The configuration 400 has a first socket 402 and second socket 404.
A circuit breaker 401 located in the first socket 402 channels
current between the bus terminal 406 and terminal 408 that leads to
the downstream device. A circuit breaker 403 located in the second
socket 404 channels current between the bus terminal 410 and the
terminal 412 that leads to another downstream device. Both sockets
may have three alarms connections such as connections 414, 416, and
418 of socket 402 and connections 420, 422, and 424 of socket 404.
However, configuration 400 uses only connections 414, 418, 420, and
424 to provide current to the alarm circuits.

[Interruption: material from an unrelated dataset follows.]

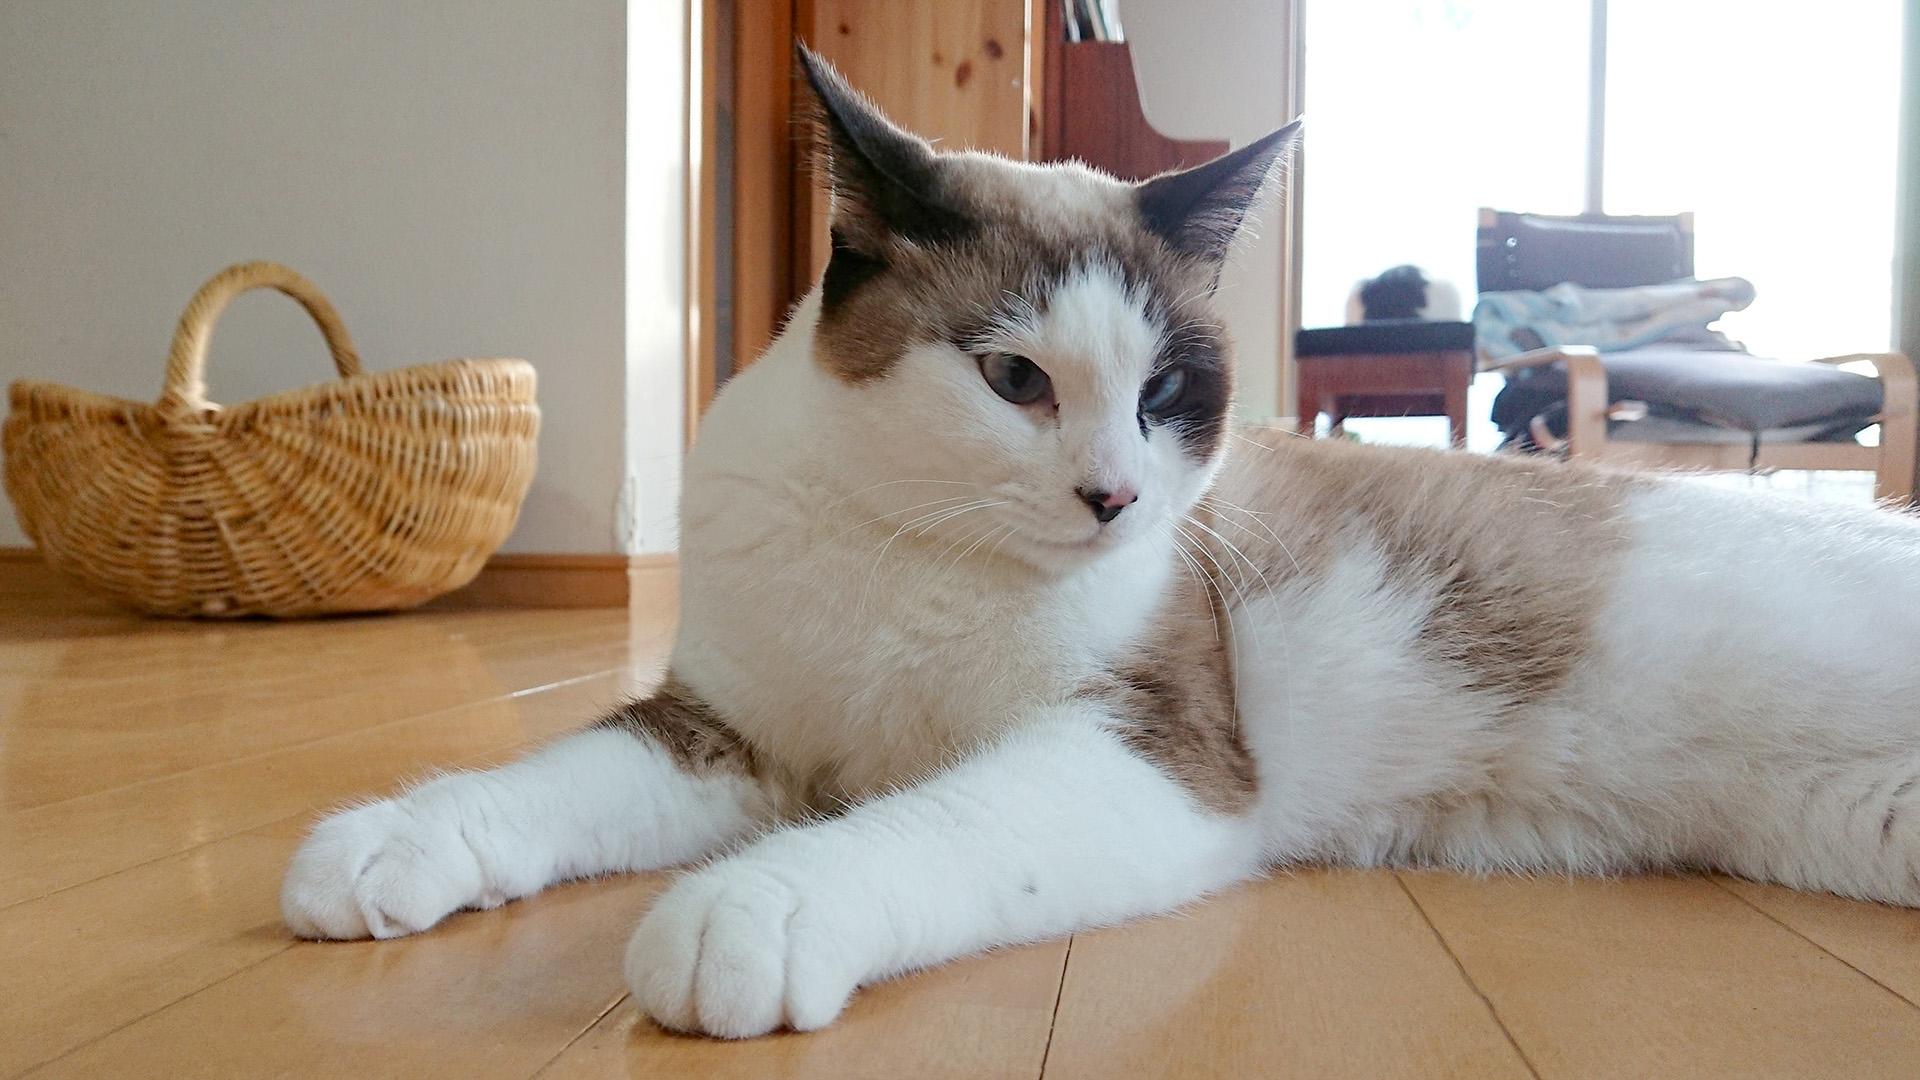 【猫さんの病気】猫さんの皮膚病は被毛に隠れて進行する?! かさぶた・脱毛・発疹に要注意!

If a single alarm is to be used for several lines, then alarm
circuit 433 is connected to interface 430. When circuit breaker 401
trips, alarm connection 414 is connected to alarm connection 418
and current is established between the voltage source 446 and the
alarm circuit 433. The voltage source 446, which provides negative
voltage as shown in FIG. 4 or alternatively positive voltage,
passes current through conductive path 450 and socket 402 and also
through conductive path 425 when providing power to alarm circuit
433. A diode 449 is included in path 425 and is discussed in more
detail below with reference to configuration 400 being implemented
with discrete alarming. The alarm circuit 433 generates a remote
alarm signal 435 and/or lights LED 437 in response to fuse 401
blowing.
If the single alarm is in use, then when circuit breaker 403 trips,
alarm connection 420 is connected to alarm connection 424 and
current is established between the voltage source 446 and the alarm
circuit 433. The voltage source 446 passes current through
conductive path 450 and socket 404 and also through conductive path
427 when providing power to alarm circuit 433. A diode 451 is
included in path 427 and is discussed in more detail below with
reference to configuration 400 being implemented with discrete
alarming. The alarm circuit 433 generates a remote alarm signal 435
and/or lights LED 437 in response to fuse 403 blowing.
If discrete alarming is to be used for each line, then alarm
circuit 434 is connected to interface 431 and alarm circuit 436 is
connected to interface 432 instead of alarm circuit 433 being
connected to interface 430. If both discrete alarming and a single
alarm are desired, then alarm circuit 433 may also be connected to
interface 430. If discrete alarming is implemented, then when fuse
401 blows, current is established between the voltage source 446
and the alarm circuit 434. Current is provided by the voltage
source 446 through conductive path 450 and conductive path 426.
Diode 451 prevents power from being applied to alarm circuit 436 in
response to fuse 401 blowing. Alarm circuit 434 generates a remote
alarm signal 438 and/or lights LED 440 in response to fuse 401
blowing.
If discrete alarming is implemented, then when fuse 403 blows,
current is established between the voltage source 446 and the alarm
circuit 436. Current is provided by the voltage source 446 through
conductive path 450 and conductive path 428. Diode 449 prevents
power from being applied to alarm circuit 434 in response to fuse
403 blowing. Alarm circuit 436 generates a remote alarm signal 442
and/or lights LED 444 in response to fuse 403 blowing.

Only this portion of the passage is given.